*TASK DETAILS*
Write out exactly, and only, the lines below from the line with "Harfington 2pcs Adhesive" through the line with "Espresso I love"; pictures do not belong in the copy.

*DATA SHOWN*
=== Begin Enclosure ===
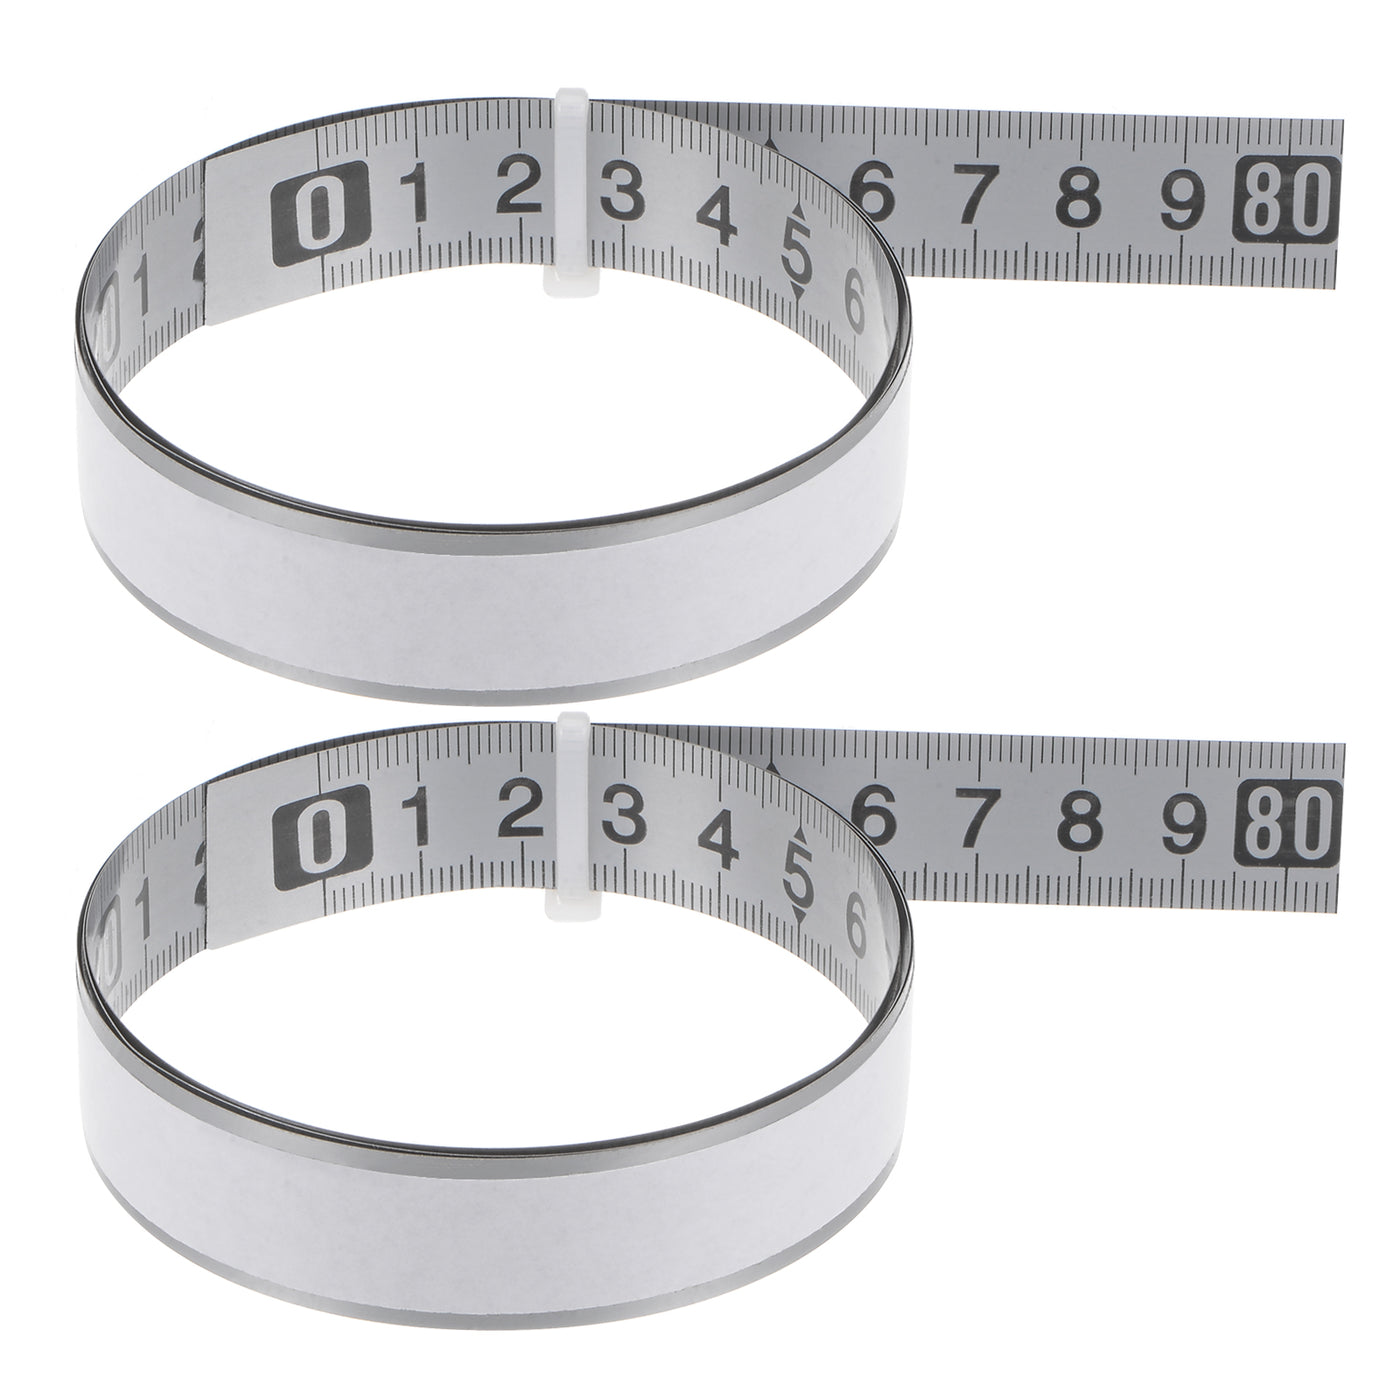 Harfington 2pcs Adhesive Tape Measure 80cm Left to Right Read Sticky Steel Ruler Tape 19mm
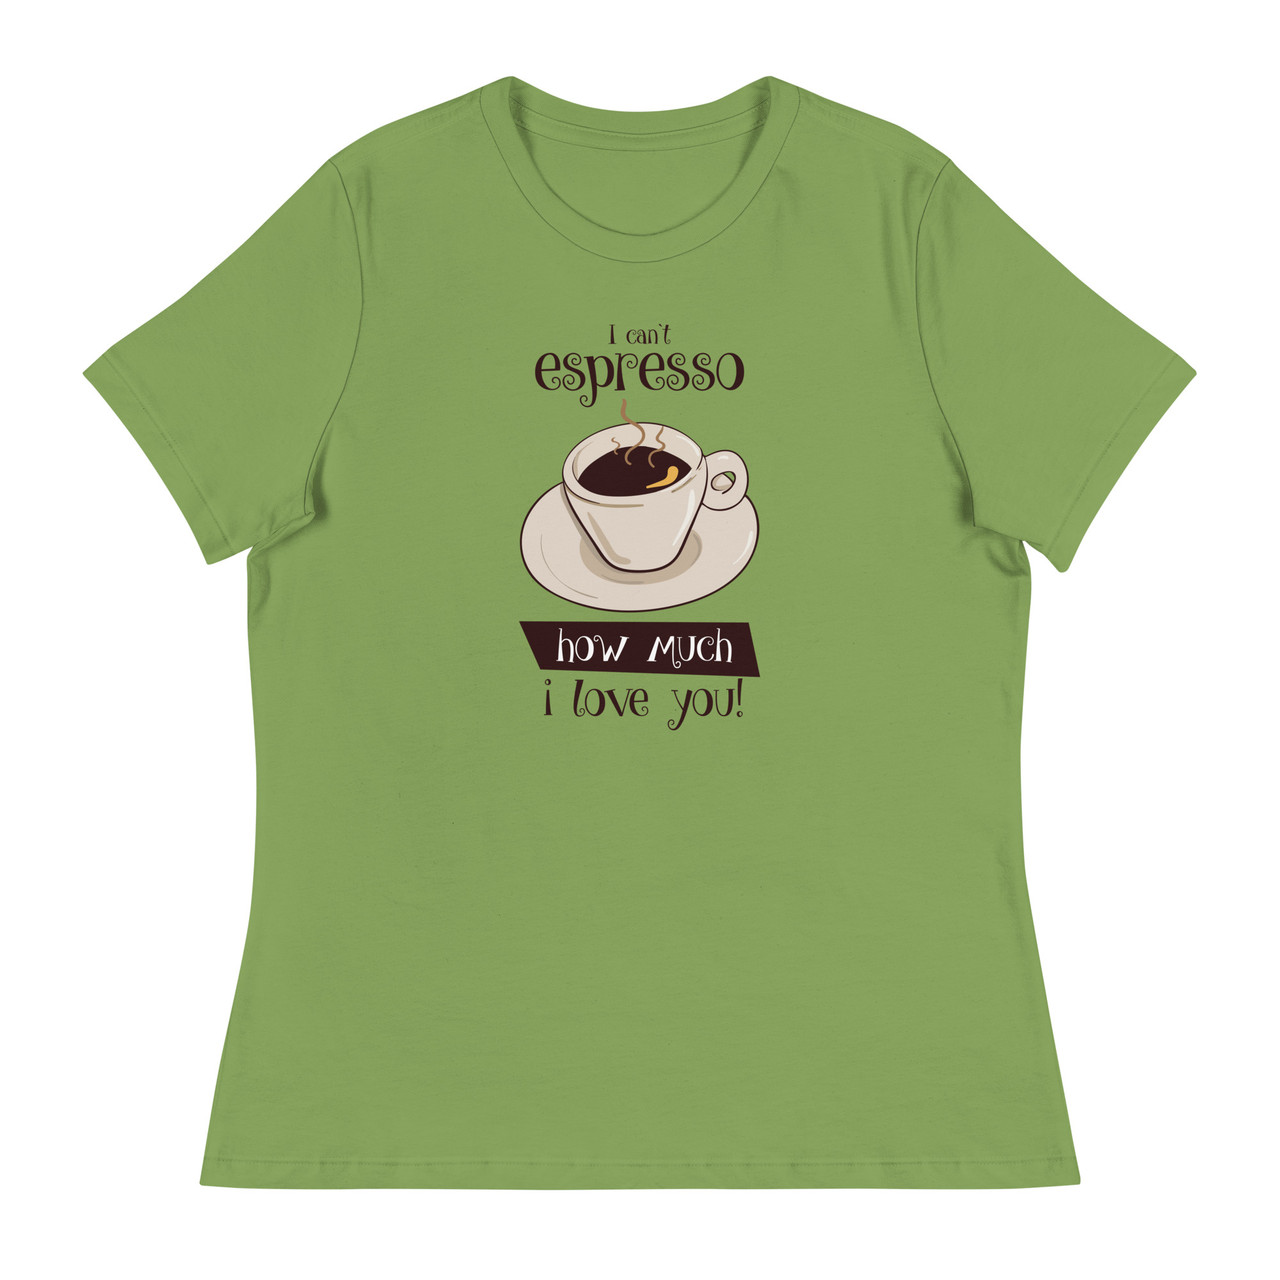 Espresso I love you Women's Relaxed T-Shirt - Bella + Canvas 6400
=== End Enclosure ===
=== Begin Enclosure ===
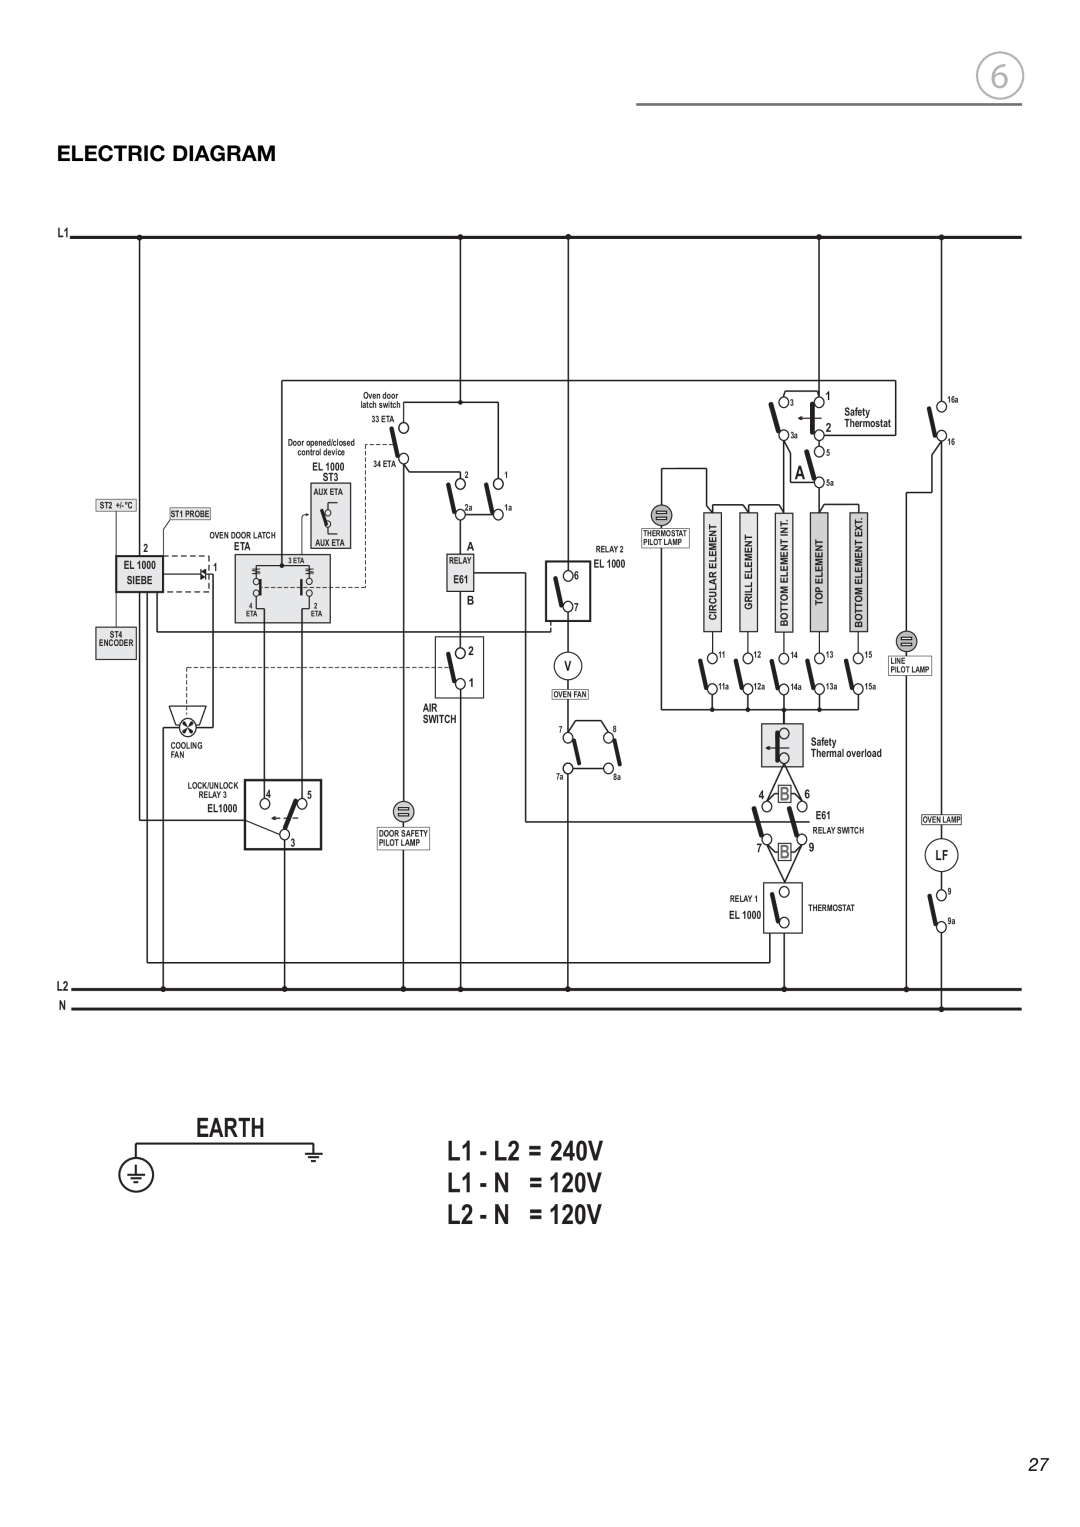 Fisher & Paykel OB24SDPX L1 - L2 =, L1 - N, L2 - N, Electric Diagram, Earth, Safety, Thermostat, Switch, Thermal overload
=== End Enclosure ===
=== Begin Enclosure ===
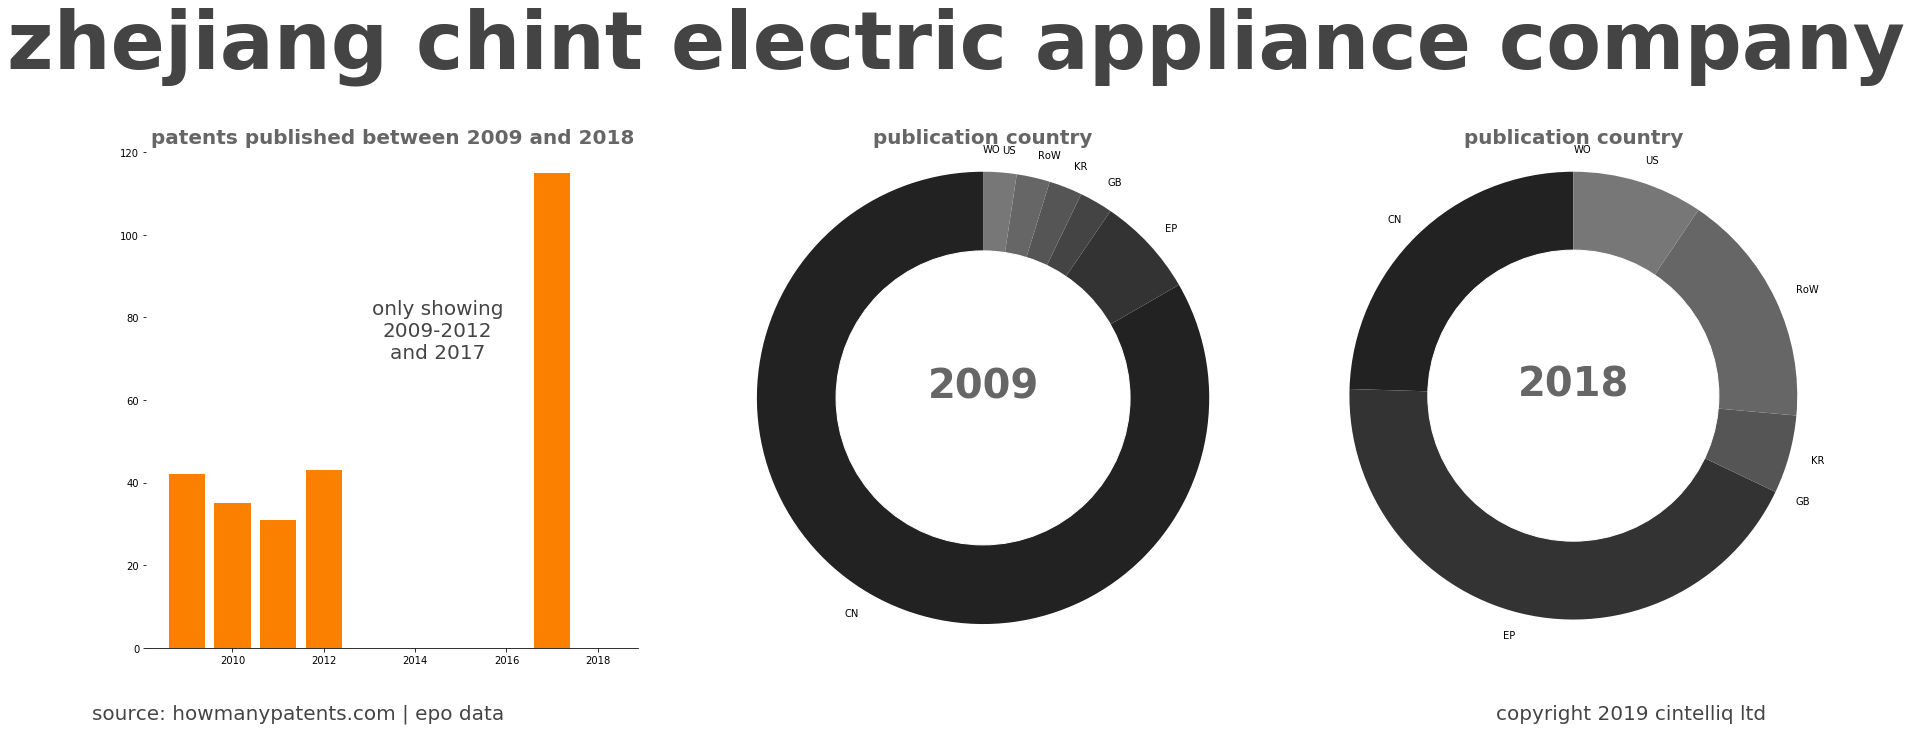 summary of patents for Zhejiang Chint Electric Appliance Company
=== End Enclosure ===
*ANSWER TO THE EXERCISE*
 Harfington 2pcs Adhesive Tape Measure 80cm Left to Right Read Sticky Steel Ruler Tape 19mm
 Espresso I love you Women's Relaxed T-Shirt - Bella + Canvas 6400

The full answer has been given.